# Question about PB Blogs



## Romans922 (Jul 18, 2009)

Is it possible to have posts from my blog off PB, feed into the blog here?

How?


----------



## Romans922 (Jul 20, 2009)

*bumping


----------



## Backwoods Presbyterian (Jul 20, 2009)




----------



## Andres (Jul 20, 2009)

guess no one else knows either.


----------



## speric (Jul 20, 2009)

What exactly are you trying to accomplish?


----------



## TheocraticMonarchist (Jul 20, 2009)

I think you're talk about an RSS feed. I can get my blogspot posts go to my facebook page this way. I'm not sure if the PB uses it.


----------



## Semper Fidelis (Jul 20, 2009)

No. I checked on this capability a while back. No hack exists either.


----------



## TheocraticMonarchist (Jul 20, 2009)

Semper Fidelis said:


> No. I checked on this capability a while back.
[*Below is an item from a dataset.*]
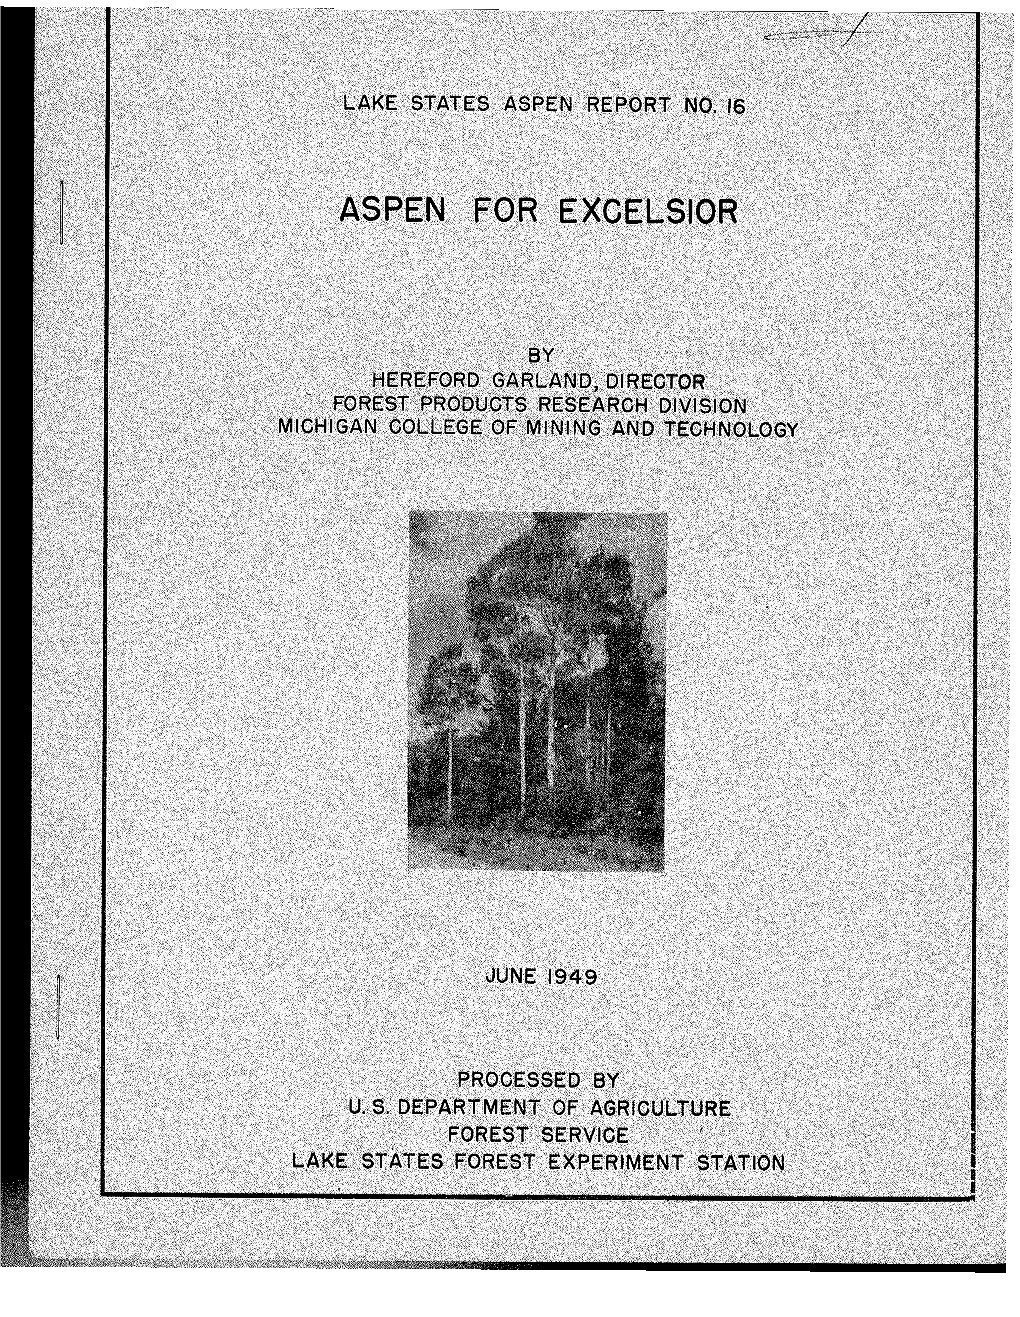 Aspen for Excelsior
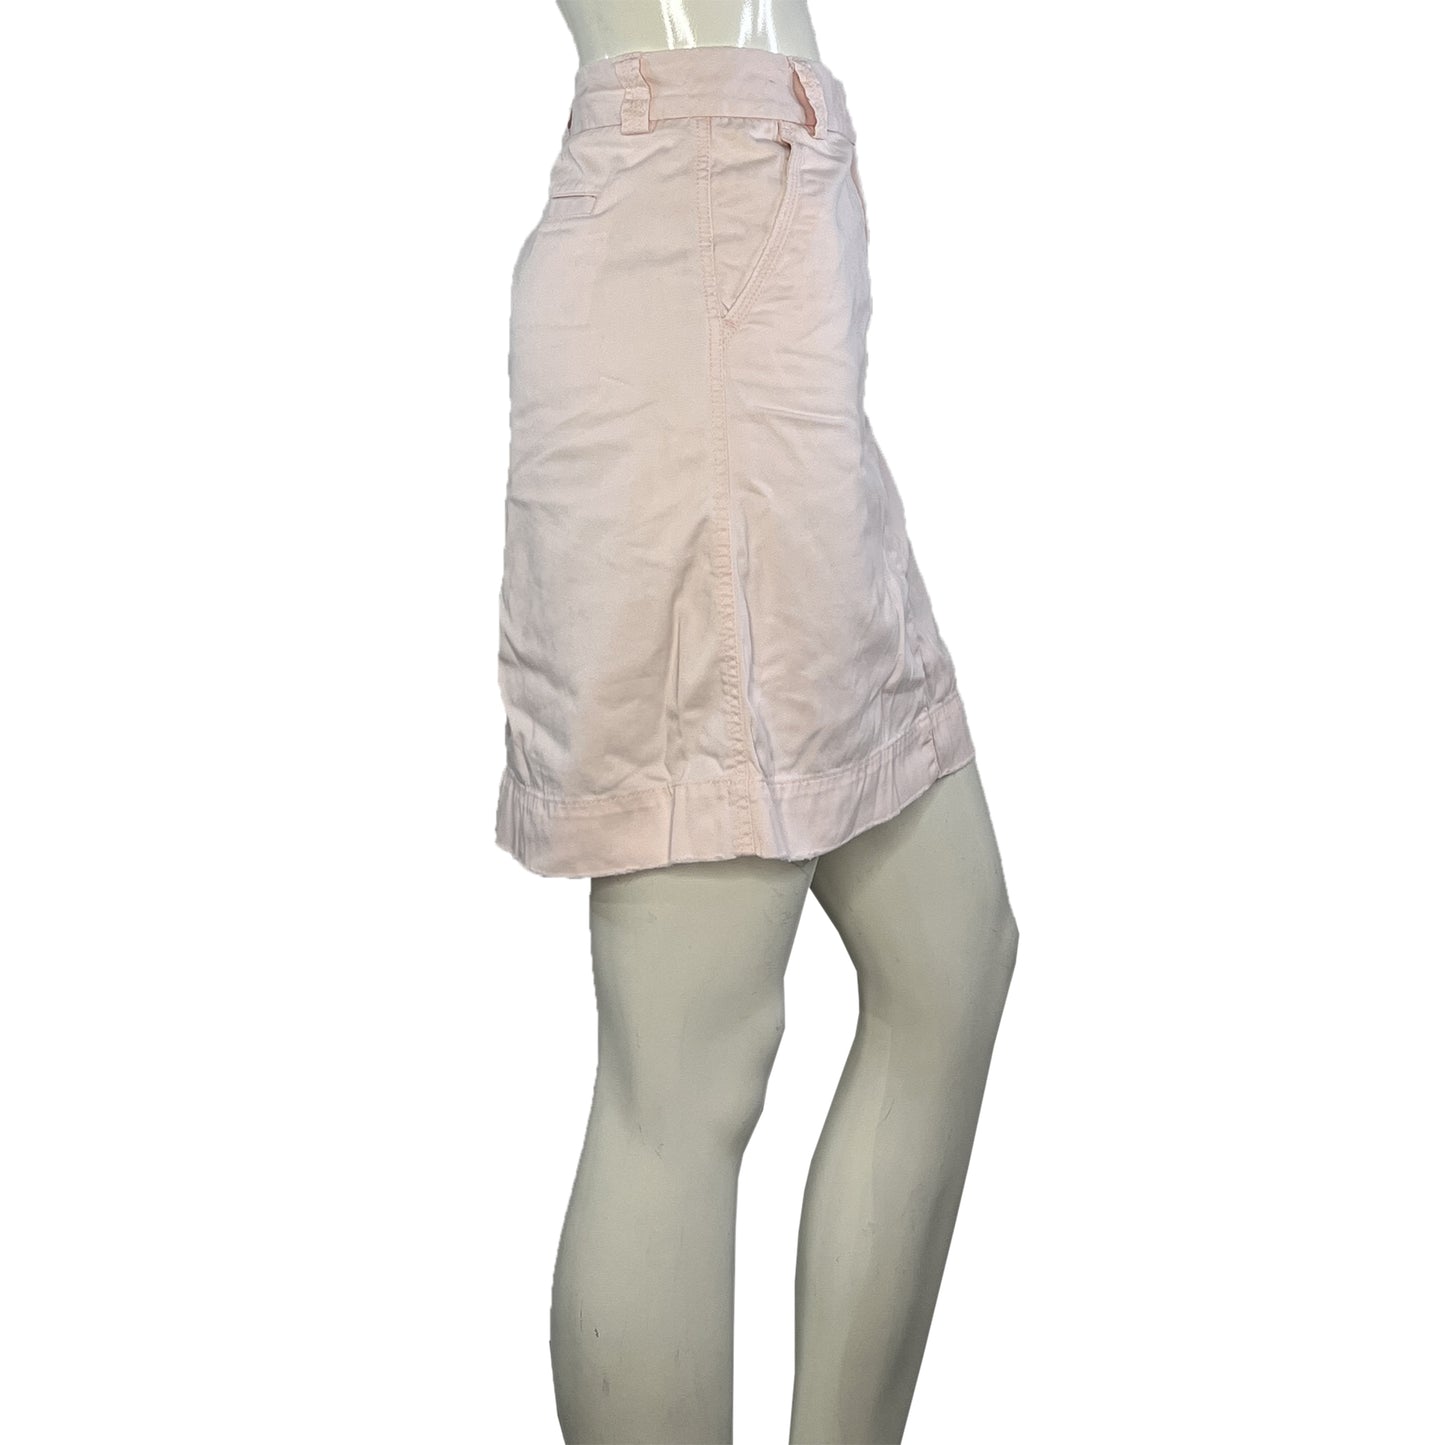 J Crew Pencil Skirt Above-Knee Light Pink Size 6 SKU 000417

No hack exists either.



Rich, could he get his PB blog post to got to his non PB blog with RSS? I just checked and it looks like this might be an option.


----------



## Semper Fidelis (Jul 20, 2009)

TheocraticMonarchist said:


> Semper Fidelis said:
> 
> 
> > No. I checked on this capability a while back. No hack exists either.
> ...



Probably. If his non PB blog has a feature that allows him to generate posts from an RSS feed.


----------



## speric (Jul 21, 2009)

Andrew what kind of personal blog do you have (WordPress, Blogger, etc.)?


----------



## Romans922 (Jul 21, 2009)

wordpress. See my signature.


----------



## speric (Jul 21, 2009)

I am surprised an RSS importer doesn't exist for vBulletin. I can't imagine it would be too hard to develop.


----------